┌──

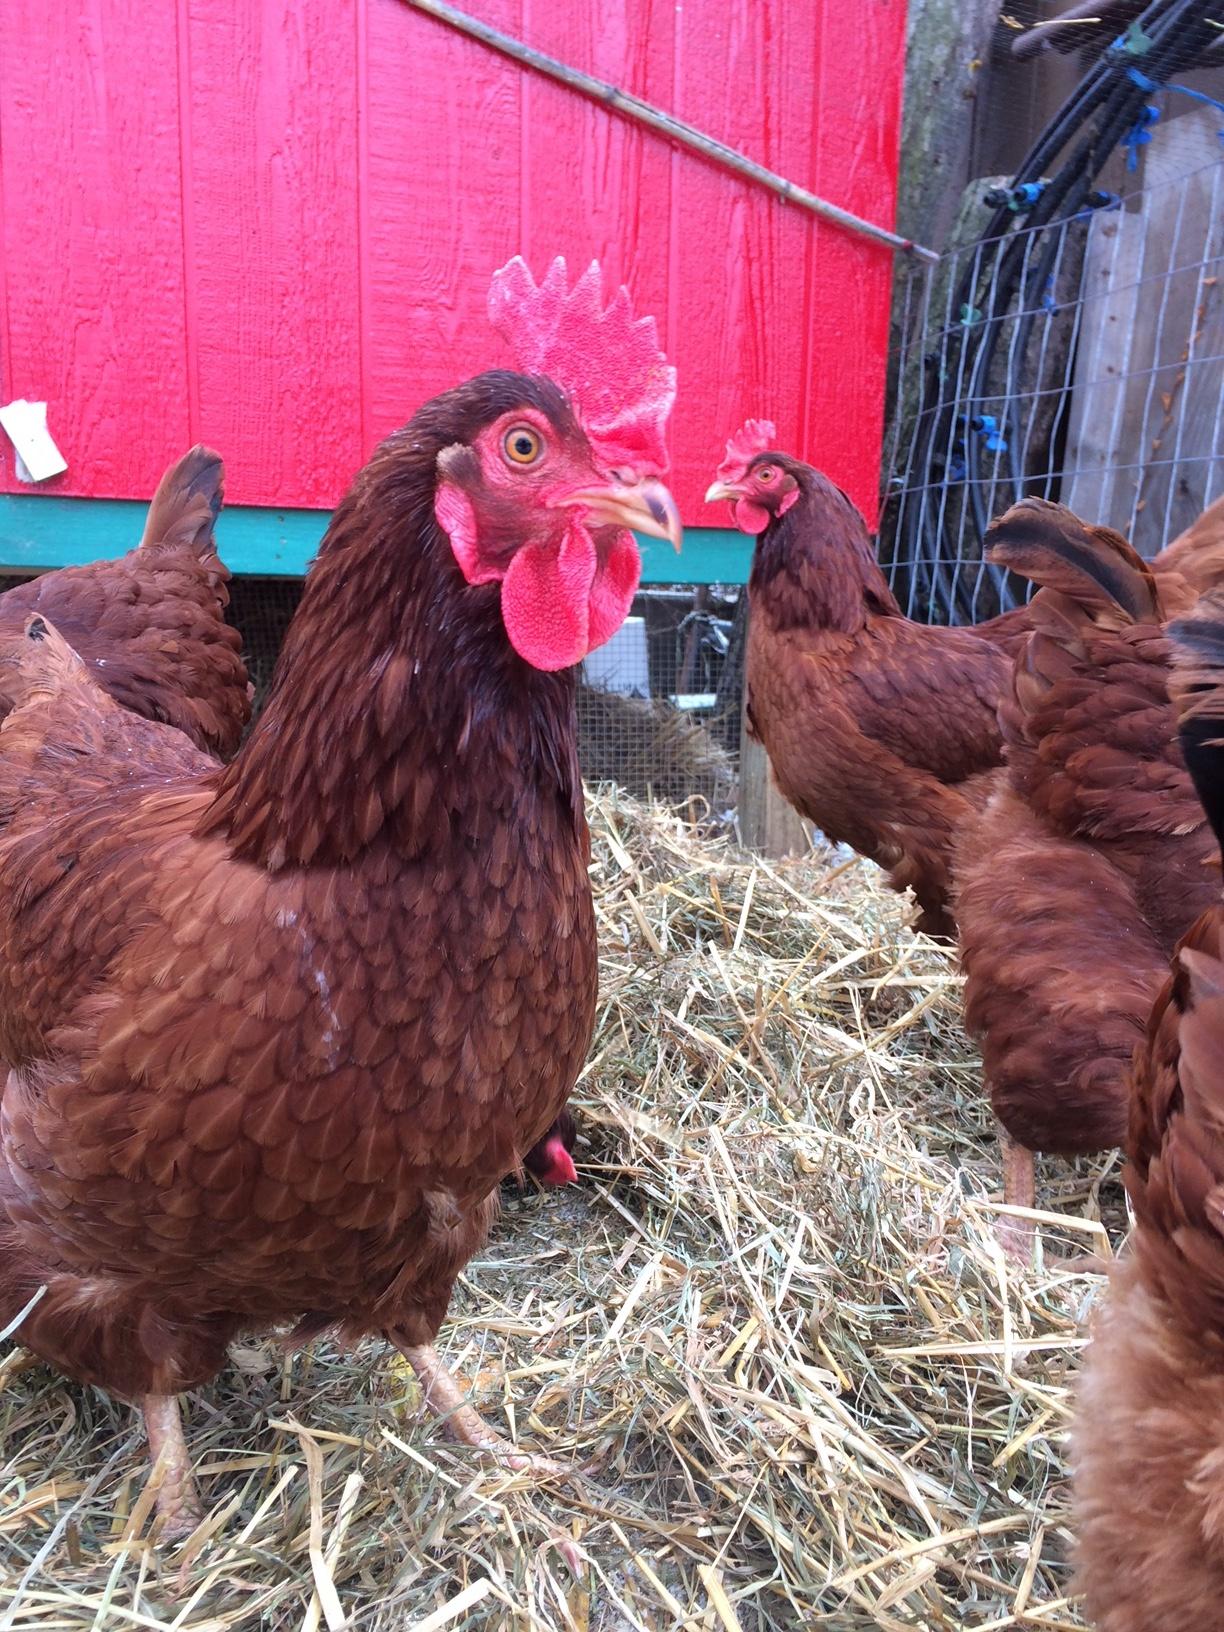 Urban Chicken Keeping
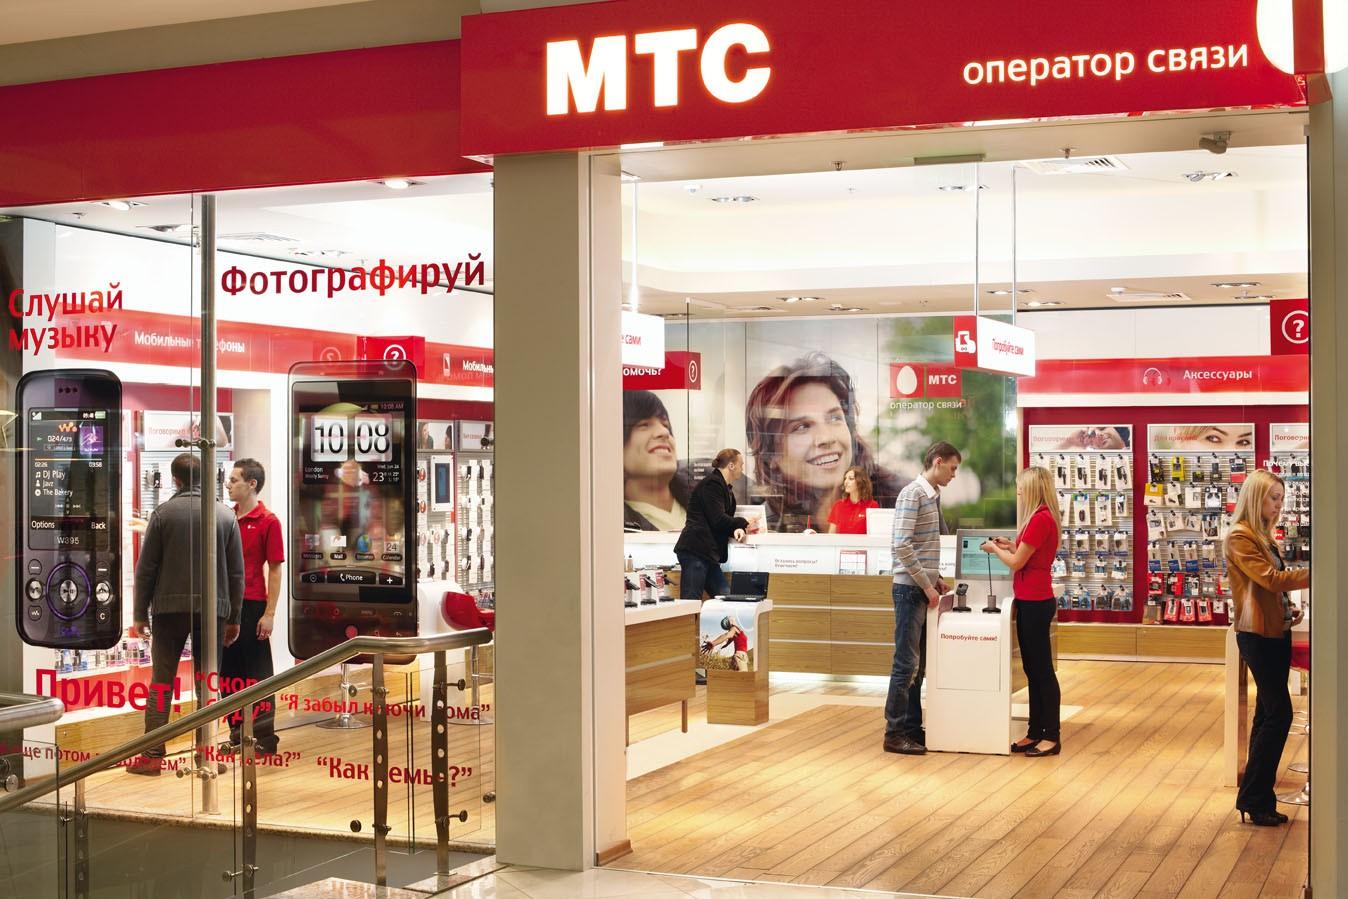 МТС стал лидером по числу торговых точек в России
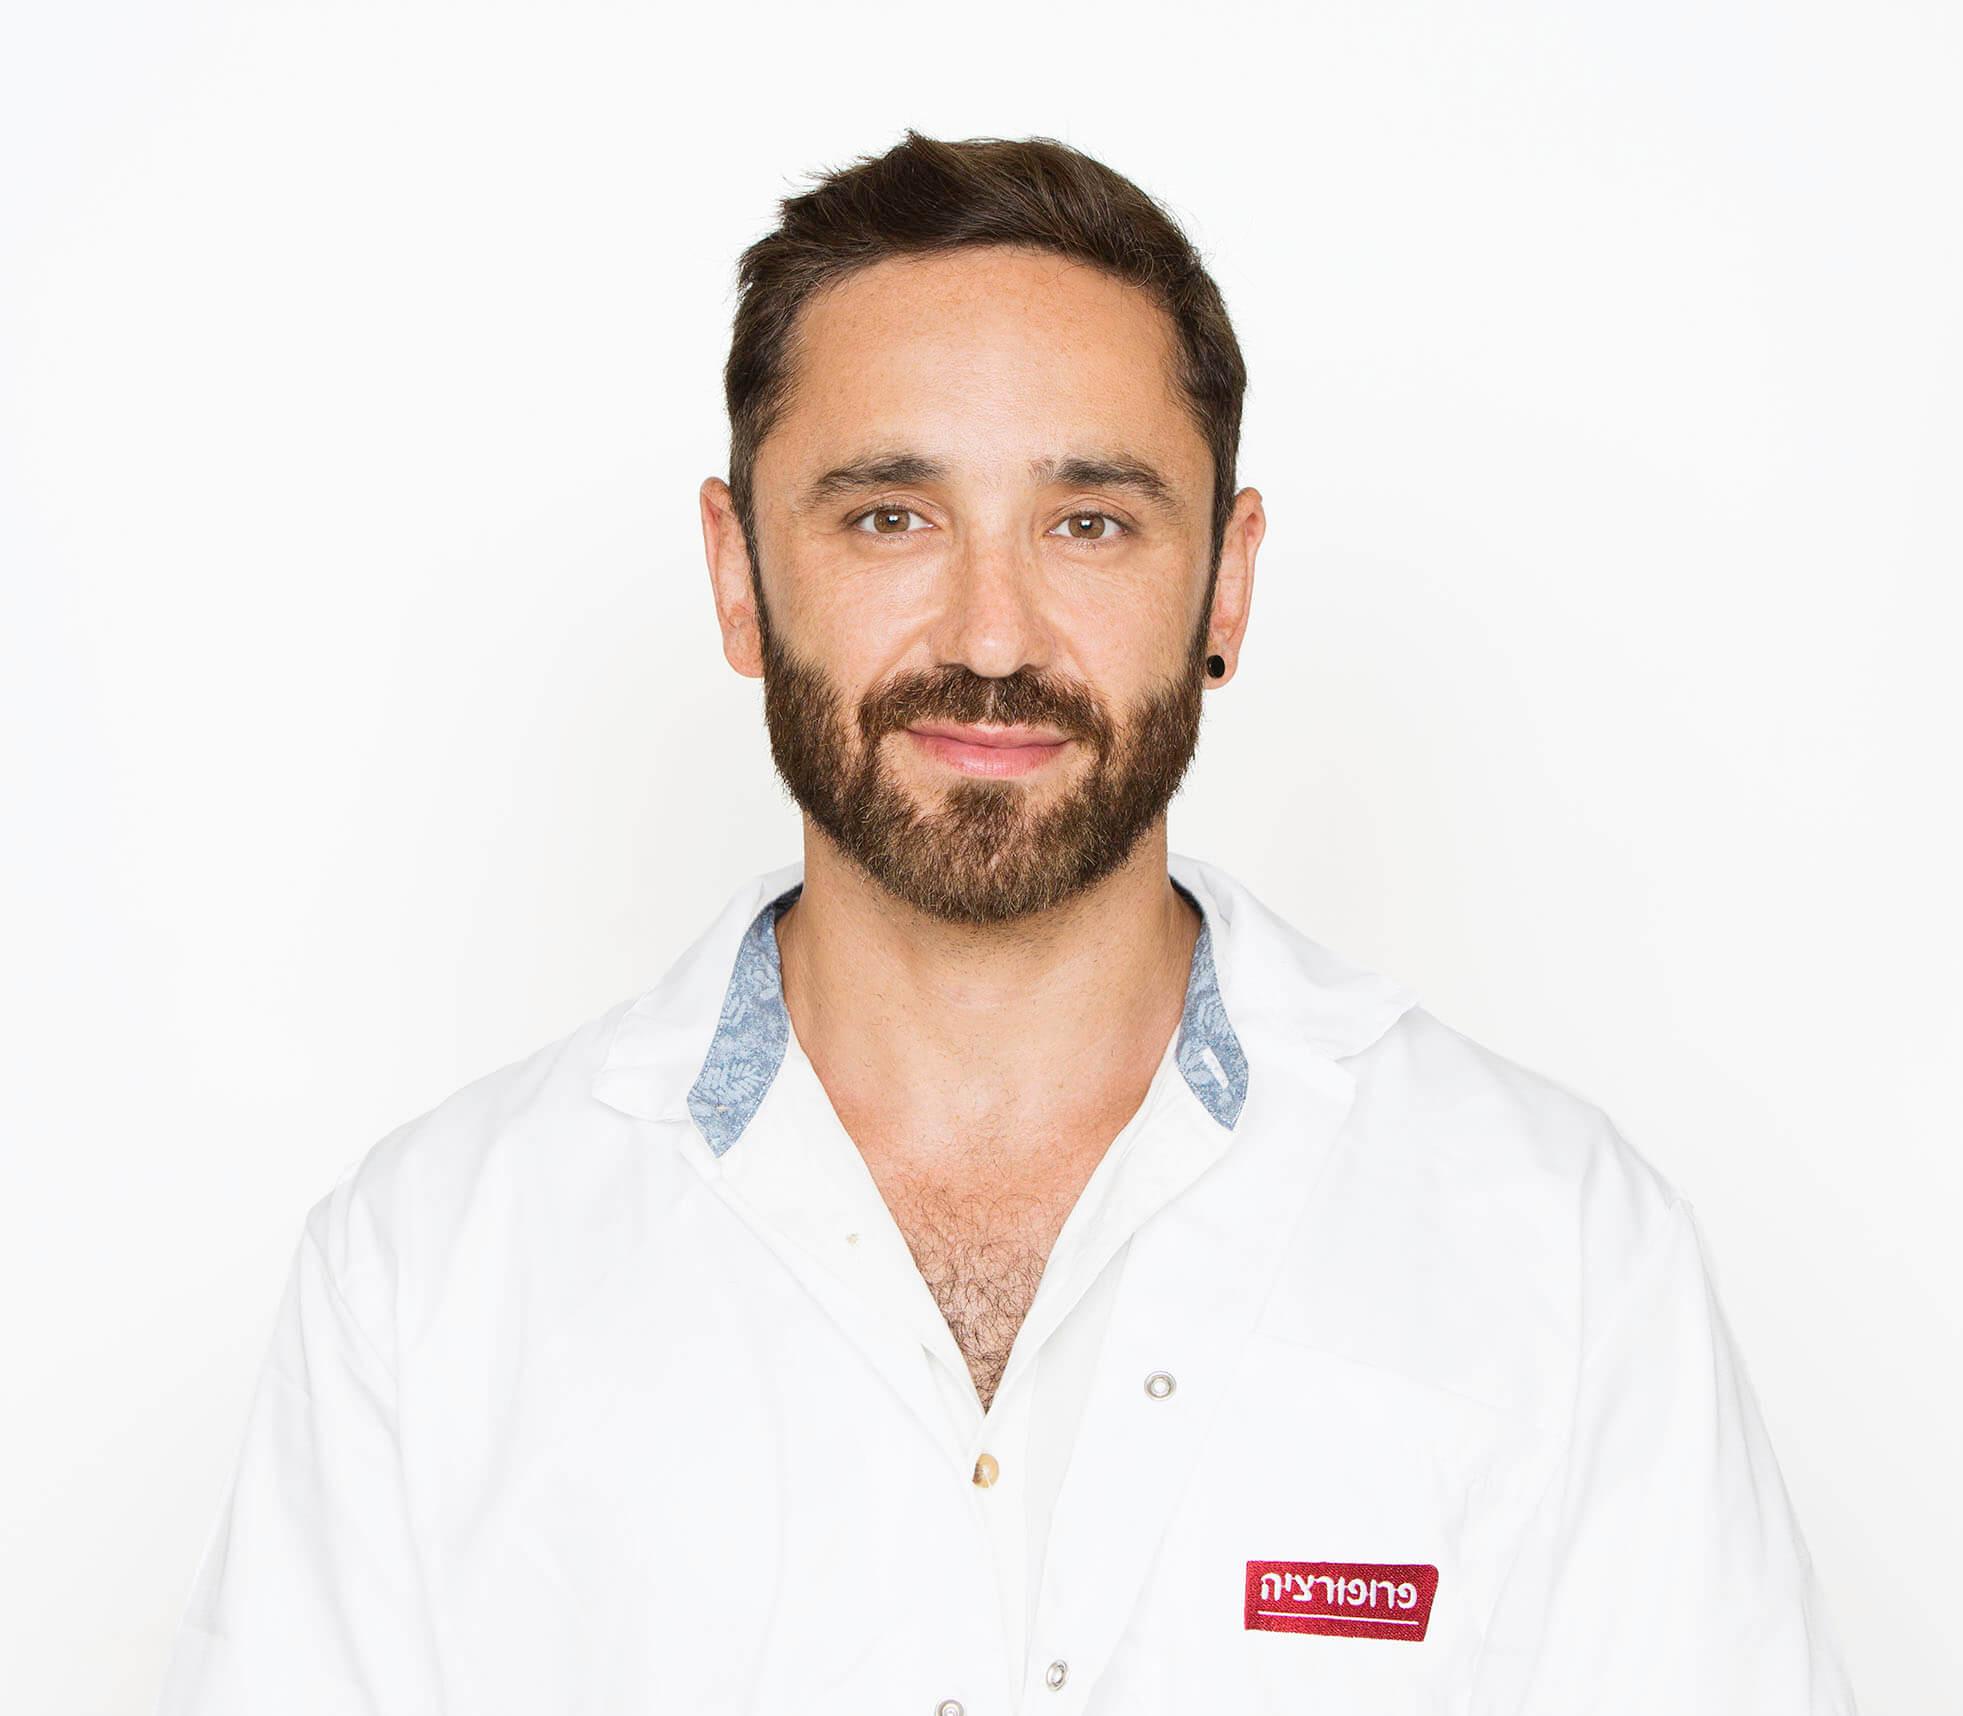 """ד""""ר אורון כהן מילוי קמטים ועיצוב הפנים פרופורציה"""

└──

Omitting all pictures, set the listing down exactly.

Exercise solution »
 Urban Chicken Keeping
 МТС стал лидером по числу торговых точек в России
 """ד""""ר אורון כהן מילוי קמטים ועיצוב הפנים פרופורציה"""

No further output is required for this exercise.